Okay, we’ve found the root cause of the issue. I personally screwed this one up this time. I was doing some security auditing work yesterday and rotated one of our credentials, and when I was pushing the new ones out, I missed deploying them to the scheduled cluster. The broken credential caused a number of downstream issues, including both bugs described in the above post. When we automatically deployed the latest version of our code at 9 am this morning to the scheduled cluster, this automatically fixed the problem.

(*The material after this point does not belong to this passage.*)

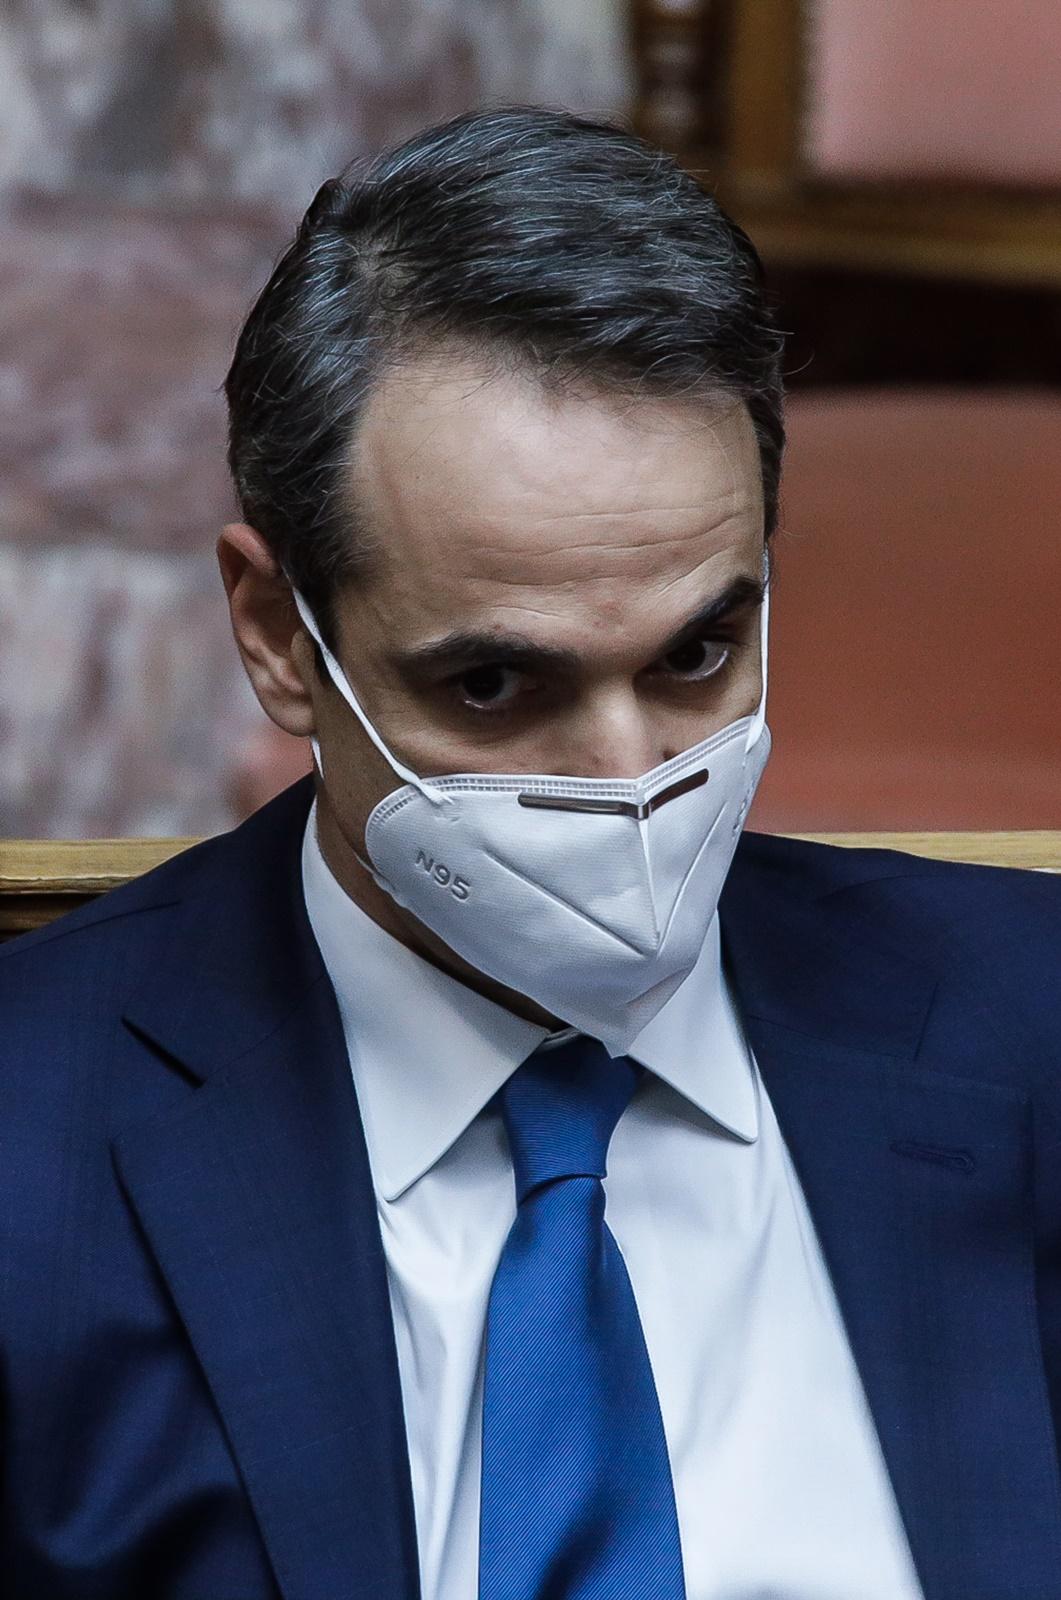 Συζήτηση, κατόπιν αιτήματος του Πρωθυπουργού κ. Κυριάκου Μητσοτάκη, με αντικείμενο την ενημέρωση του Σώματος για την ποιότητα της Δημοκρατίας και του Δημοσίου Διαλόγου

We’ll be doing an internal postmortem of this incident, but some quick thoughts on how we plan to prevent it from happening again:
- This is the second occasion where we’ve had an issue on the scheduled cluster because we did some operational work on the main cluster and didn’t remember to also update the scheduled cluster. This is something we can fix via automation, which we plan to build
- I occasionally do some operational work myself instead of relying on the rest of the engineering team in situations where I have access levels that would make it easier for me to do it. However, this is risky, because when I do side-channel work instead of going through our normal processes, we don’t necessarily have the same levels of controls and double-checks. This is a standard growing pain for startups (founders used to making direct changes to infrastructure having to figure out how to transition that to the team), and I should have been more genre-savvy here. I’m sorry, this was dumb of me and I’m going to work with the team to be more careful going forward.